By Joe Mathews
California’s small, rural towns are supposedly desperate and doomed, as state policy favors our coastal mega-regions.
So how do you explain Gonzales?
Despite its location in the high-poverty Salinas Valley, the city of just 9,000 has a success story to share: relatively low crime, 96 percent high school graduation rates, new health facilities, sustainable infrastructure, and a string of economic development victories.
Most intriguingly, Gonzales has made its small size an advantage. Building on stable leadership—the city manager, Rene Mendez, is in his 13th year—Gonzales has kept city government streamlined so that it can move faster in planning and project approval—a very valuable trait in slow and bureaucratic California. An example: A large vegetable processing plant for Taylor Farms was proposed for Gonzales in July 2013—and completed in April 2014.
Speed works. In the past three fiscal years, Gonzales’s tax base has grown by 17 percent, 19 percent, and 20 percent, respectively, as it has added industrial and commercial development. Those gains represent more than 1,200 new jobs.
The city is now home to companies oriented toward technology, agriculture and the environment.
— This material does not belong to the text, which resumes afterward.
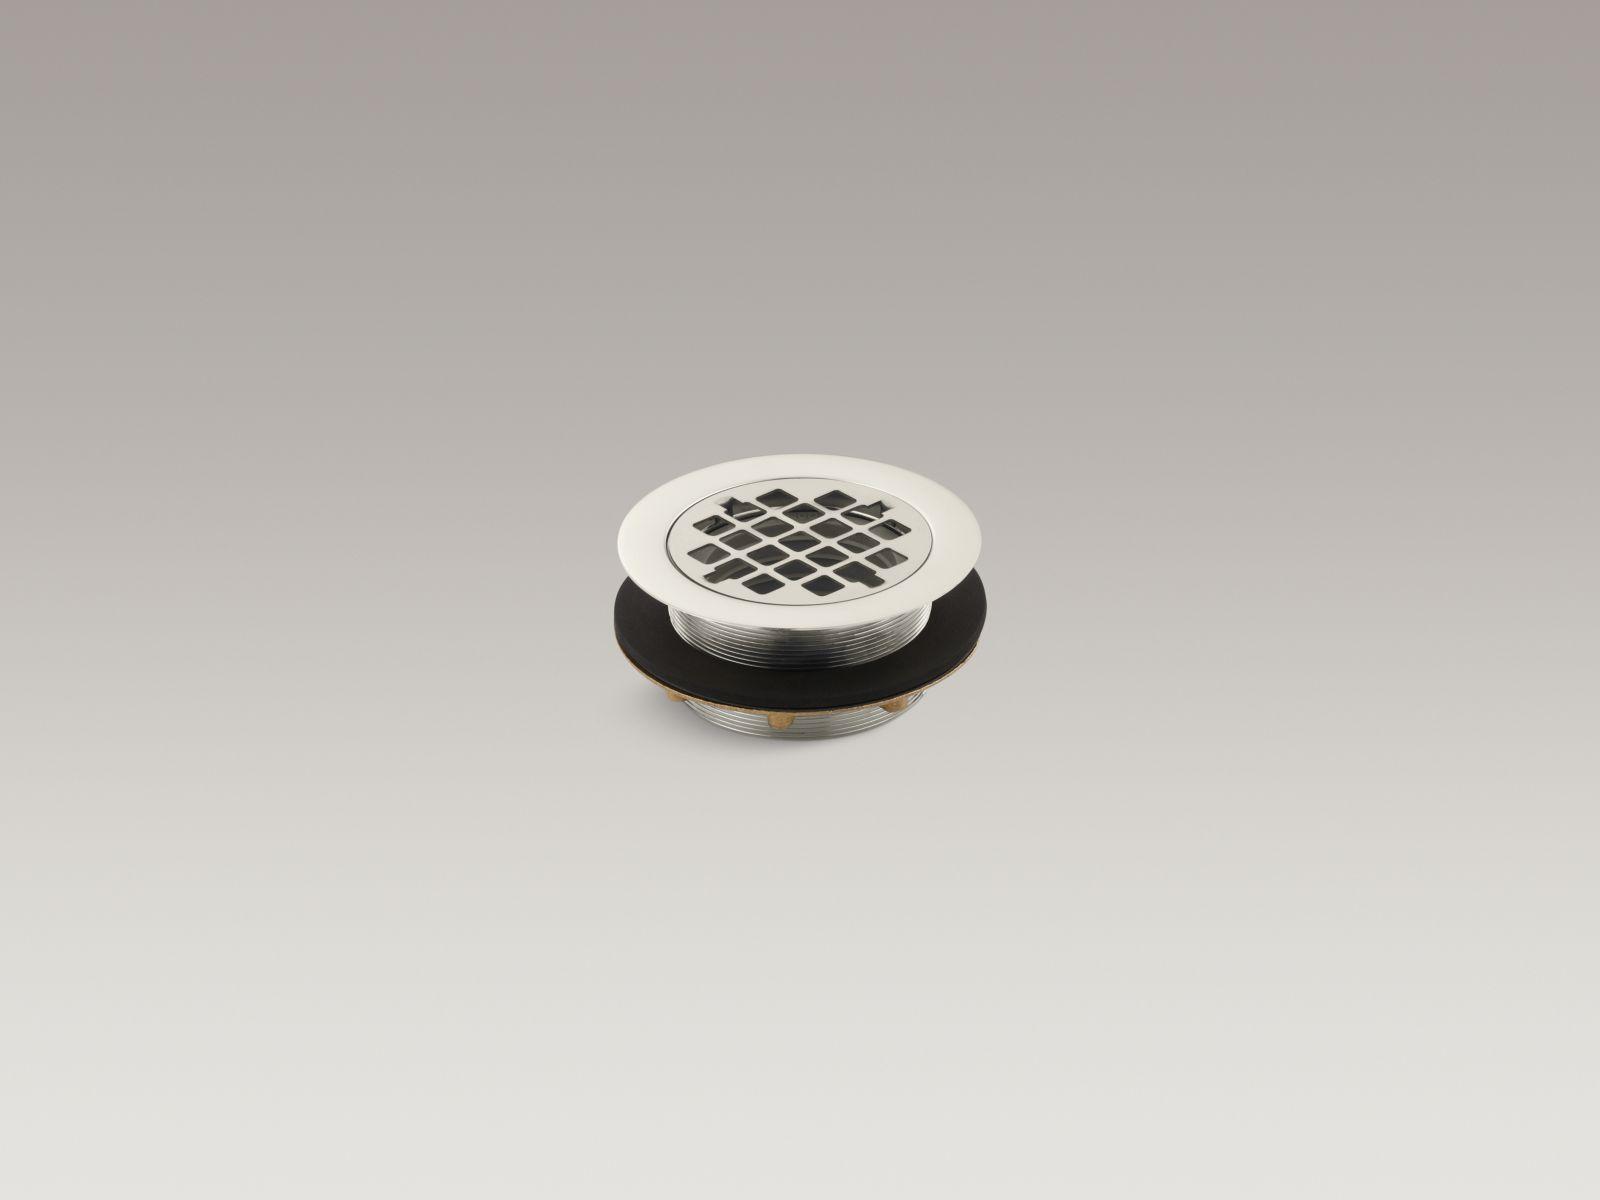 Kohler K-9132-SN Round Shower Base Drain with Plastic Pipe Gasket Vibrant Polished Nickel

Among these are HealthySoil, which manufactures products that improve crop production; Ramsay Highlander, which designs and manufactures advanced harvesting equipment; and Constellation Brands, an international producer and marketer of beer, wine and spirits. Soon, Gonzales will be home to a 130,000-square foot Mann Packing facility.
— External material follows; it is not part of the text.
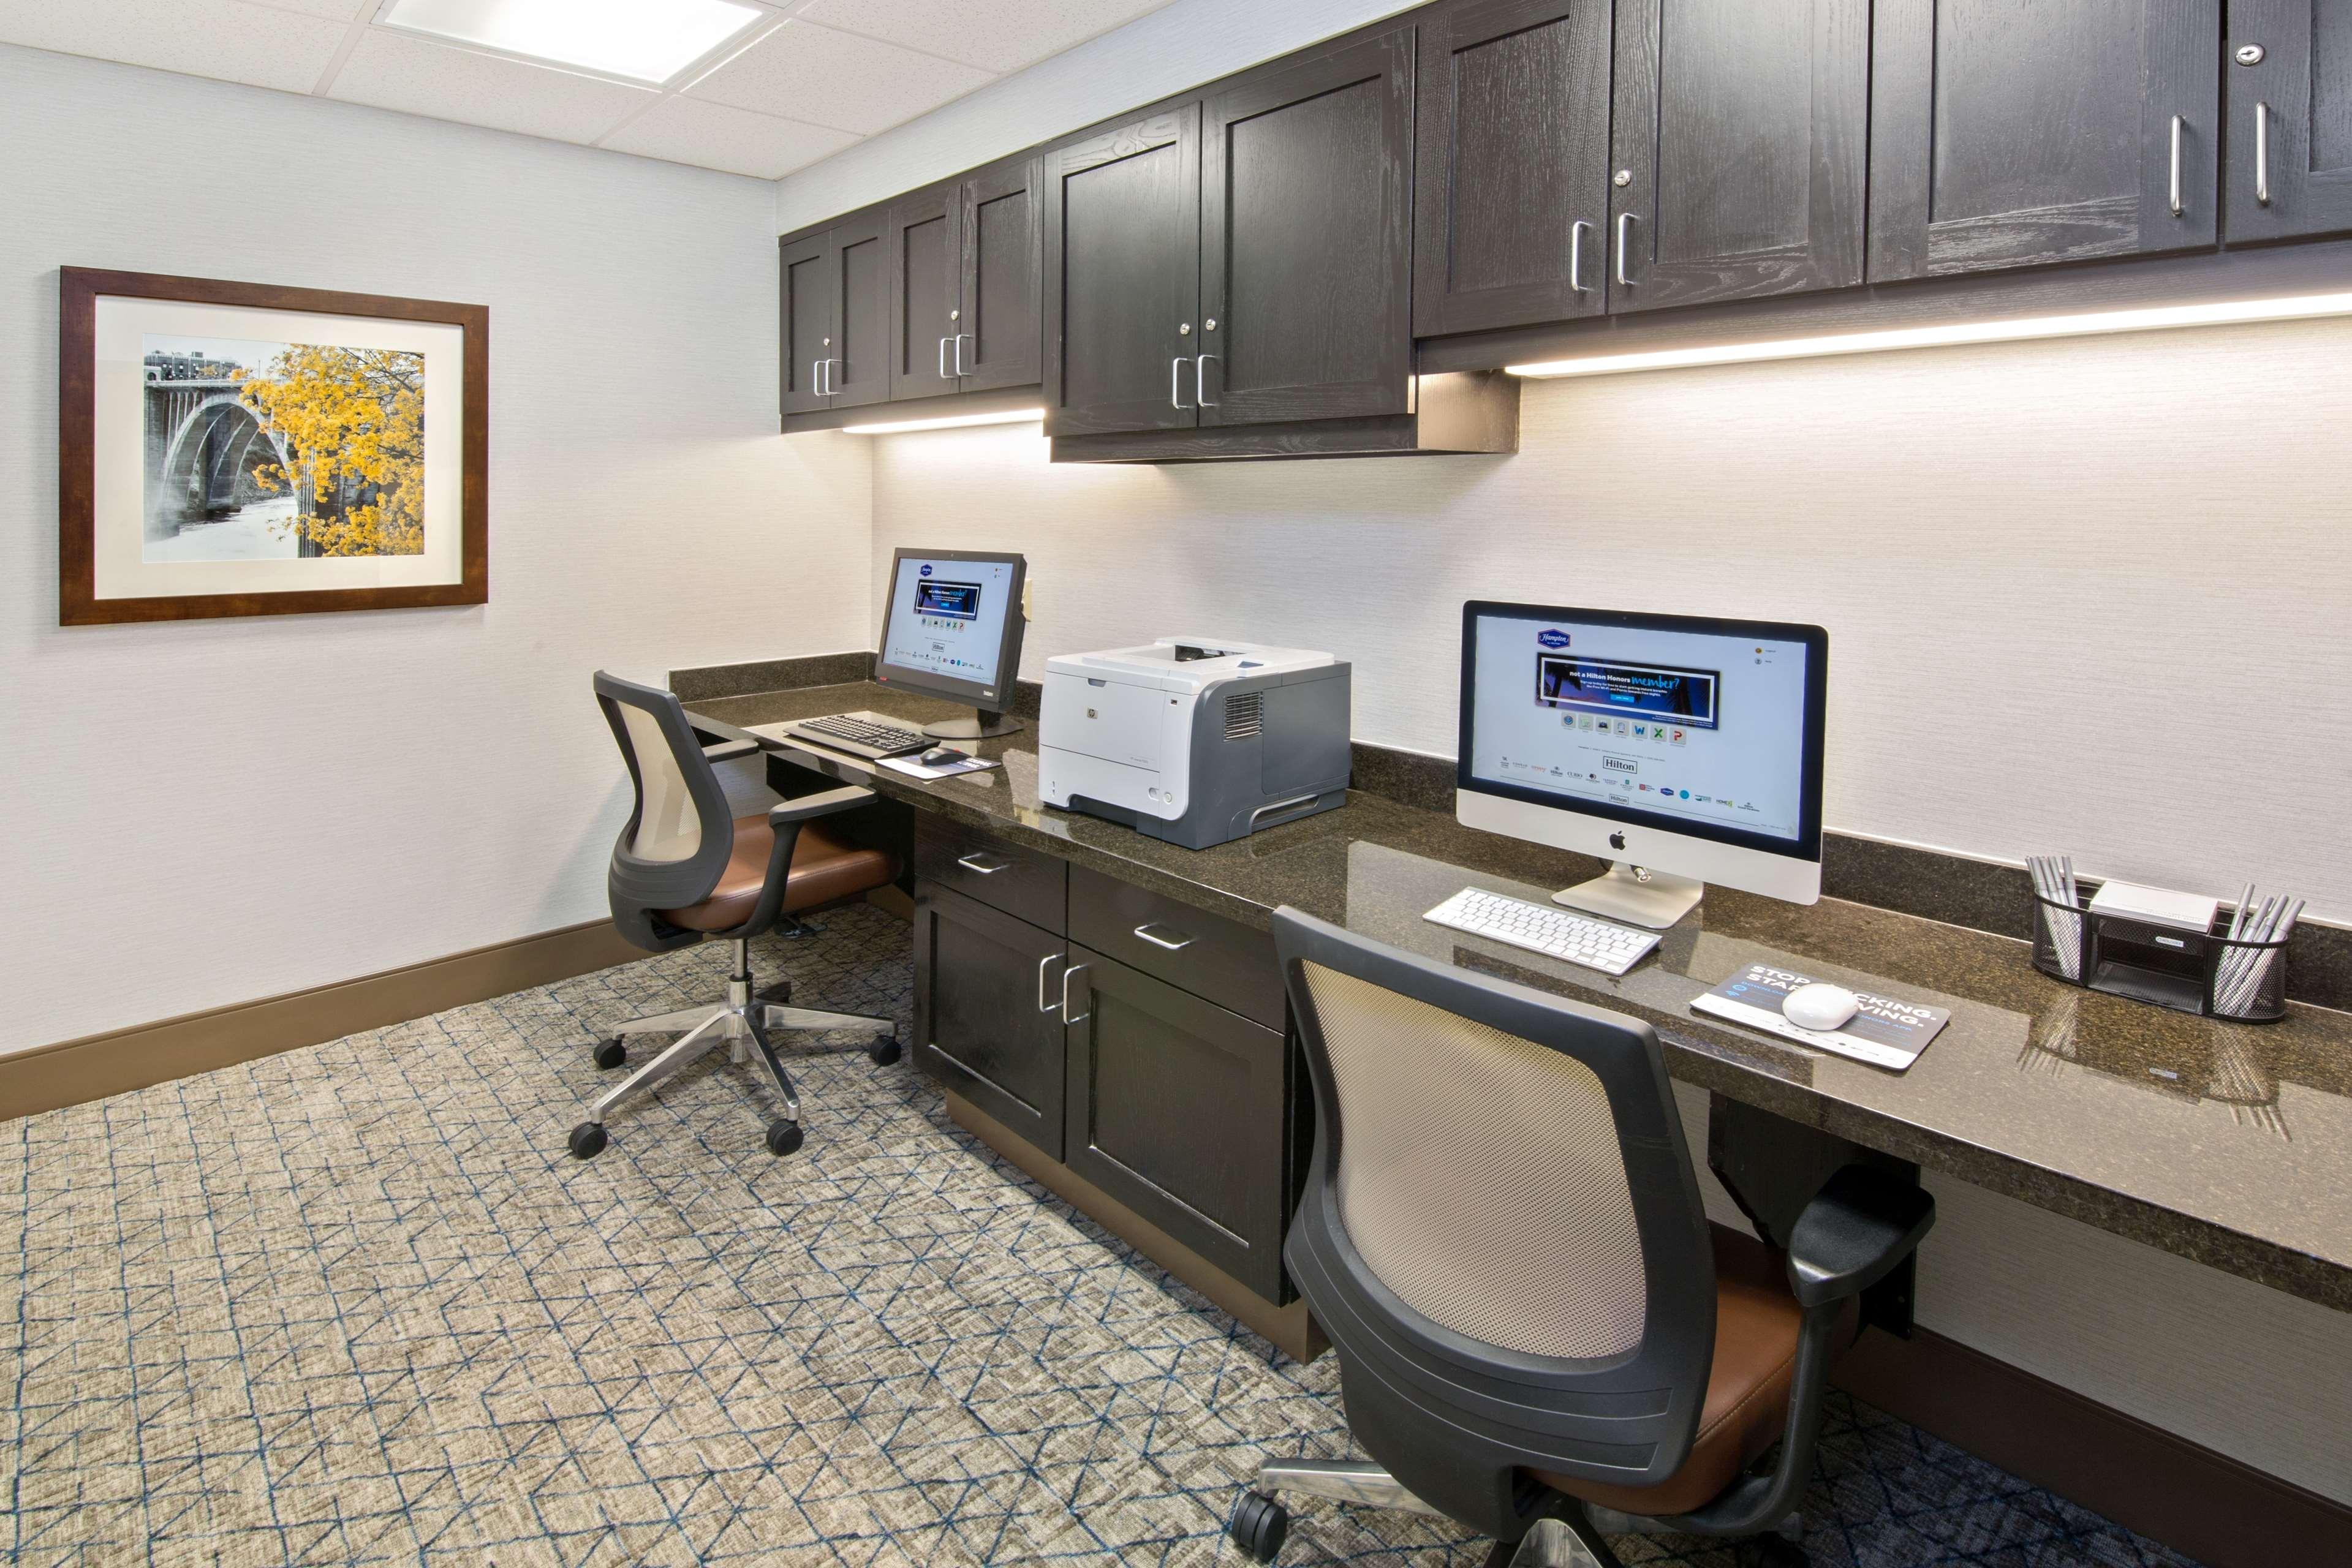 Hampton Inn & Suites Spokane Valley image 41

Gonzales’s approach is unconventional among California small towns. The typical formula is to beautify the town center and develop a signature entertainment venue that attracts visitors, while chasing major retailers like Costco to produce high levels of sales tax for municipal coffers.
Mendez, who grew up in the San Joaquin Valley and came to Gonzales from Inyo County, knew that Gonzales, small and somewhat isolated, was not a natural fit for tourism and malls. Instead of chasing visitors and big retailers, he wanted the city to build itself to serve its own residents. So the city has enhanced its industrial footprint and took advantage of its proximity to agriculture. Gonzales doesn’t have a Costco, but produces the vegetable trays you buy there.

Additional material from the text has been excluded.